There are benchmarks in life … and in our law practices. Benchmarks might be as significant as a marriage, a birth or a death. In law, it might be graduating from law school, opening one’s own practice, winning a significant case, or in today’s world of Baby Boomers, moving into our "second season."

The Airstream trailer (see my earlier posts on this subject) has taught me and confirmed many lessons I’ve learned over the years. Here are just a few that our current trip has triggered:

Change is part of life, and we must learn how to manage change to be successful

Change requires that we be flexible

Life involves continuous improvement

Luck is the intersection of preparation and opportunity

Our Airstream adventure has now crossed an unexpected and exciting benchmark. My wife saw our Airstream trailer a little more than a year ago … fell in love … and had to have this one. That was a "sharp right turn," as one might say, for the way we were to live. We took it to a reputable repair shop for our due diligence, made repairs we were told about … and began to travel for short jaunts, finding little things here and there. After a few trips, all the "bugs" were fixed. We were ready to go!

Today, we just completed our longest trip thus far … into Central California near the Kern River. This is a beautiful spot in nature despite the drought that California is experiencing (hence the recent major fires) and the very low Kern River. Here, with about 15 other Airstream trailers in a "rally," we met and talked all about Airstreams, looking at what other folks have done to their trailers as well as the new trailers that some prefer to purchase.

The net result of all these discussions is that we’ve decided to sell our trailer. Don’t panic, we’re not getting out of this adventure just yet!

Our trips thus far, the refurbishing we’ve done to our trailer in the last year, and learning about all the possibilities open to us, we’ve decided that doing more to our trailer would be an unwise move. Thus, we’ll sell the trailer, buy another shell, strip the inside, and then build it out with our specifications in mind. We’ll then have our own, very personal vintage trailer! The emphasis here is on "vintage." Really exciting.

This reminds me of the rights of passage as a new lawyer. Graduating from law school, going to work for another lawyer (to learn "where the courthouse is located"), and then becoming a partner in a law firm, and finally starting my own firm. There is a learning curve in everything we do, some longer and more expensive, some shorter and cheaper, but a learning curve nevertheless.

Throughout a lawyer’s career, we learn from each matter and client we represent. That is one of the most attractive elements of law practice – continuous improvement. Clients sometimes fail to tell us the entire truth, our adversaries keep us on our toes and, of course, the law may change in the middle of our matter causing our cited precedents to take on a different cast. In each matter, we manage changes, changes that require our flexibility to represent our client well.

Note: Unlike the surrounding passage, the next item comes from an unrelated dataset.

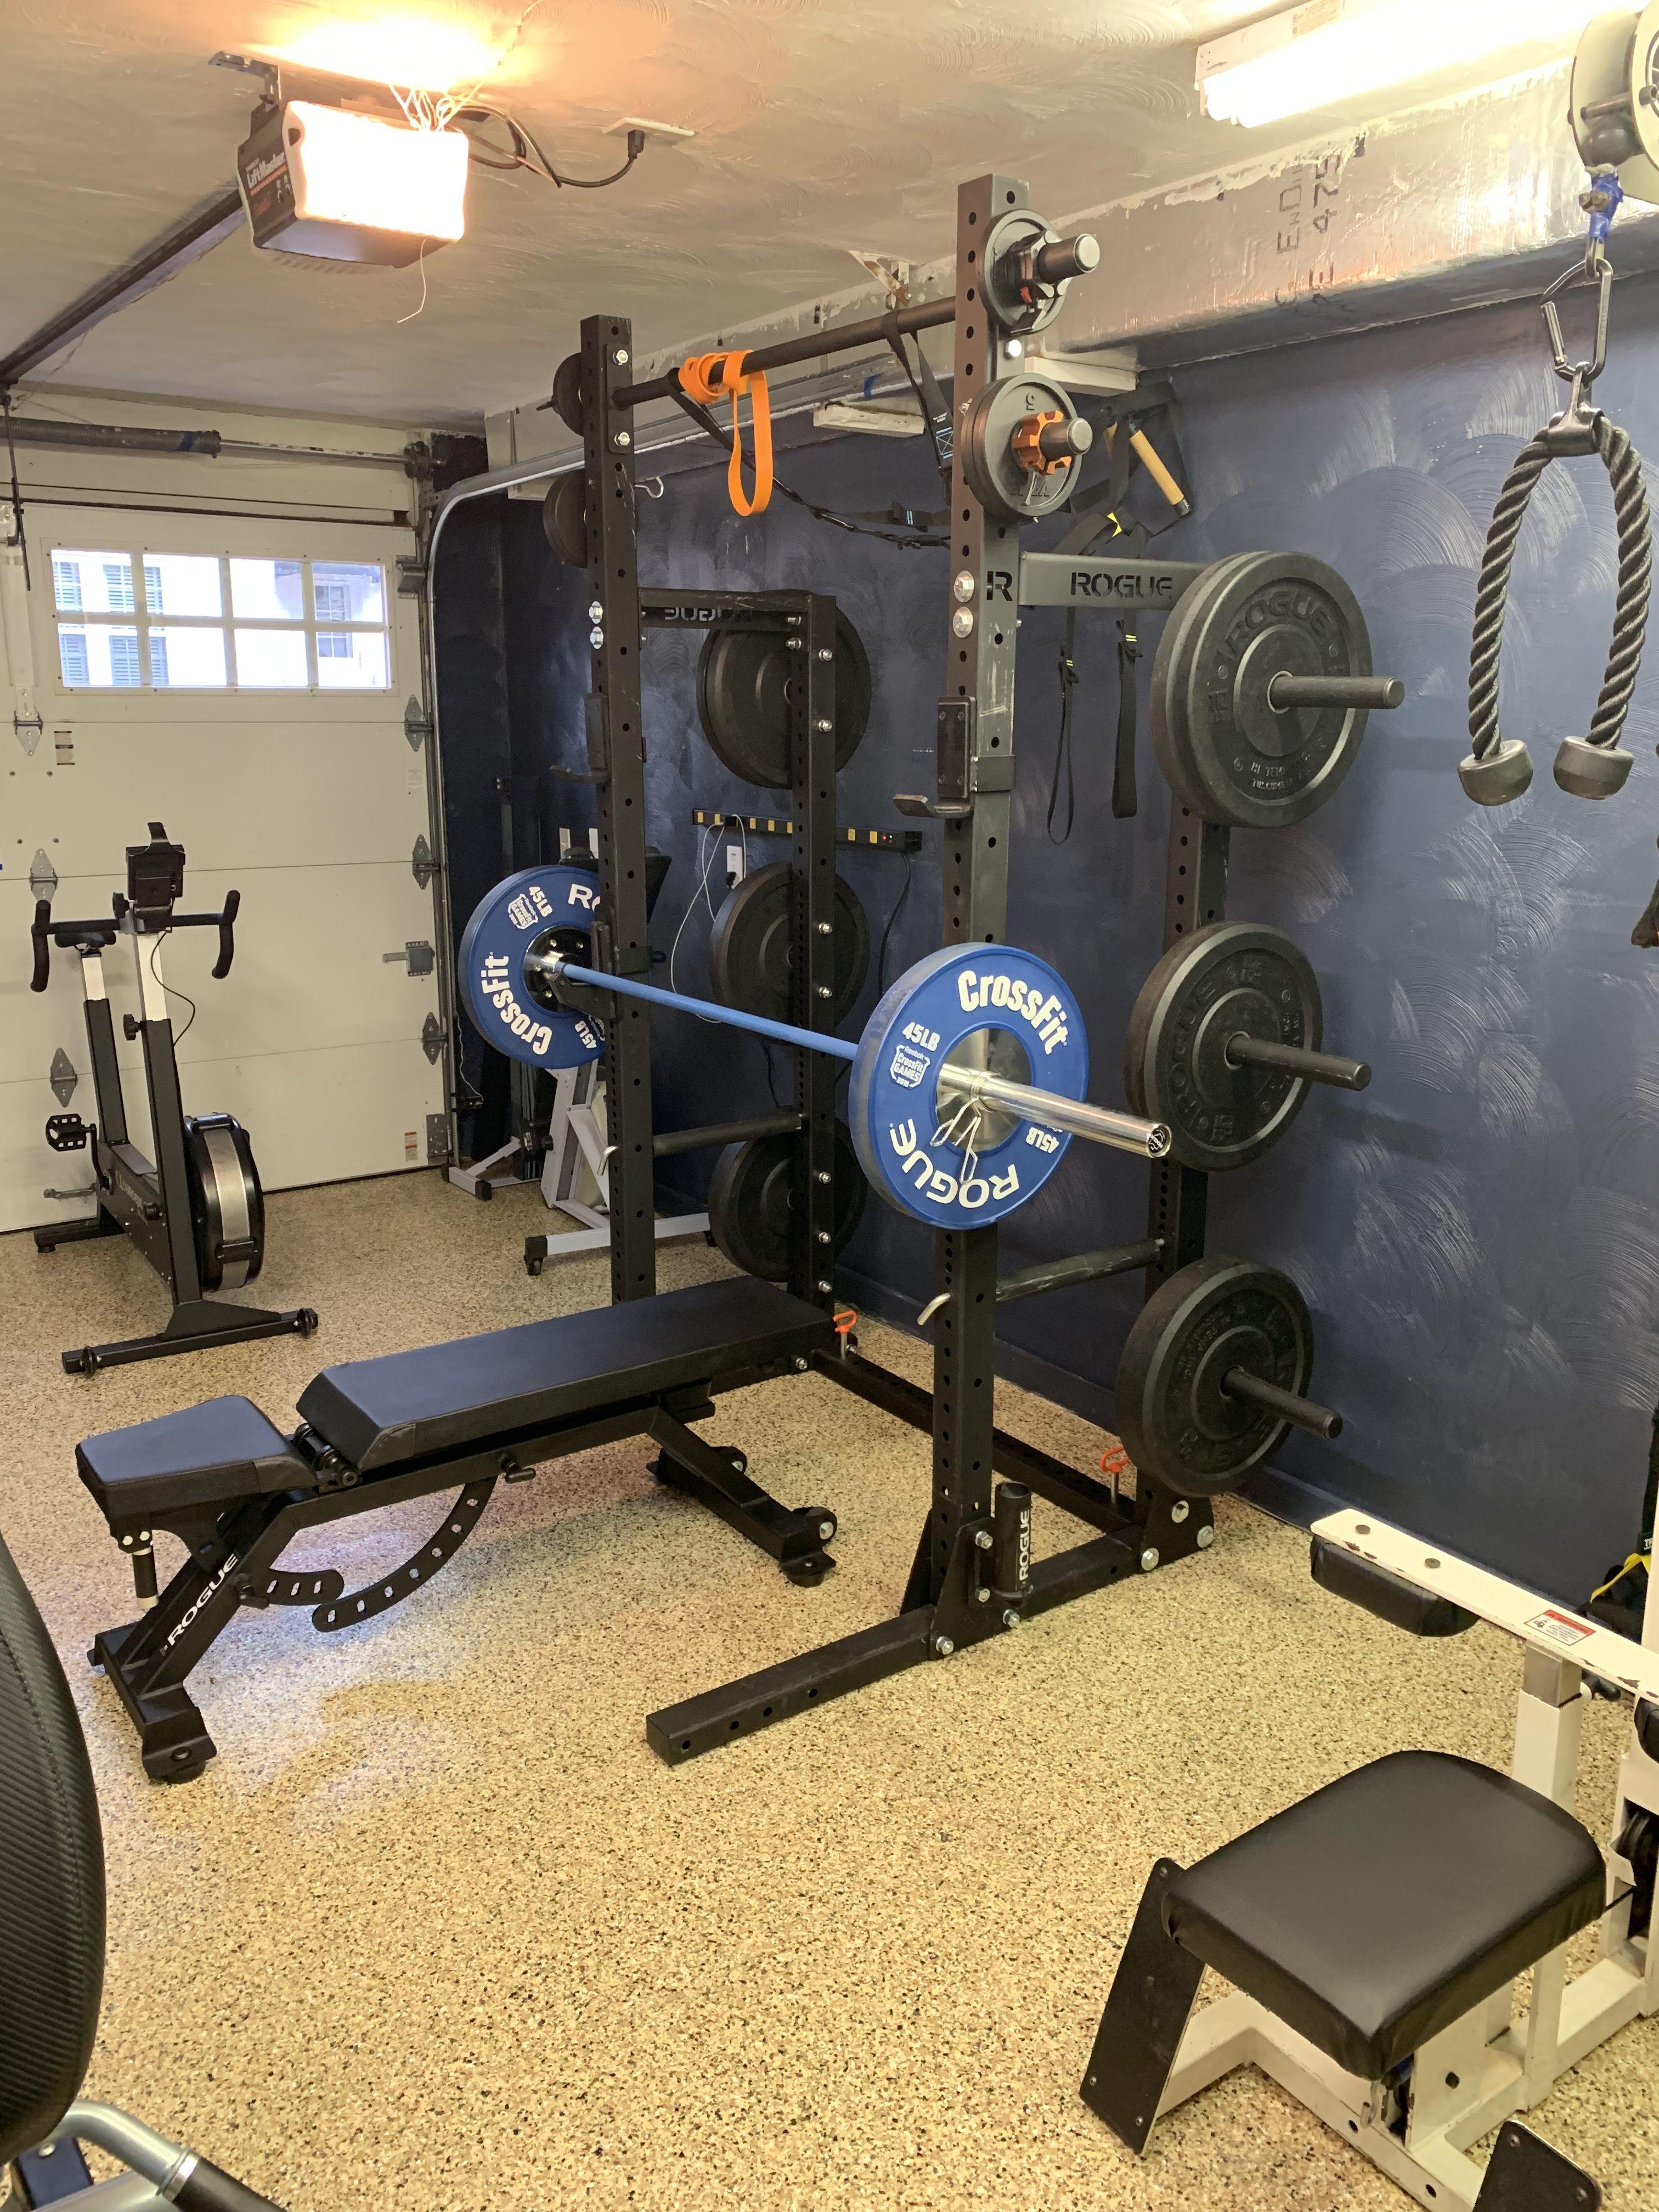 Pin By Roberto Benitez On Gym Home Gym Garage Home Gym Basement Gym Room

And living with my wife’s dream in our Airstream does the same for me now> This process requires flexibility on my part for continuous change and enjoyment of this part of our life, one some might call our "second season," as I continue to coach and consult with lawyers throughout the country about continuously help them improve their effectiveness with clients, enhance their efficiency in delivering their services and, of course, increase their profitability.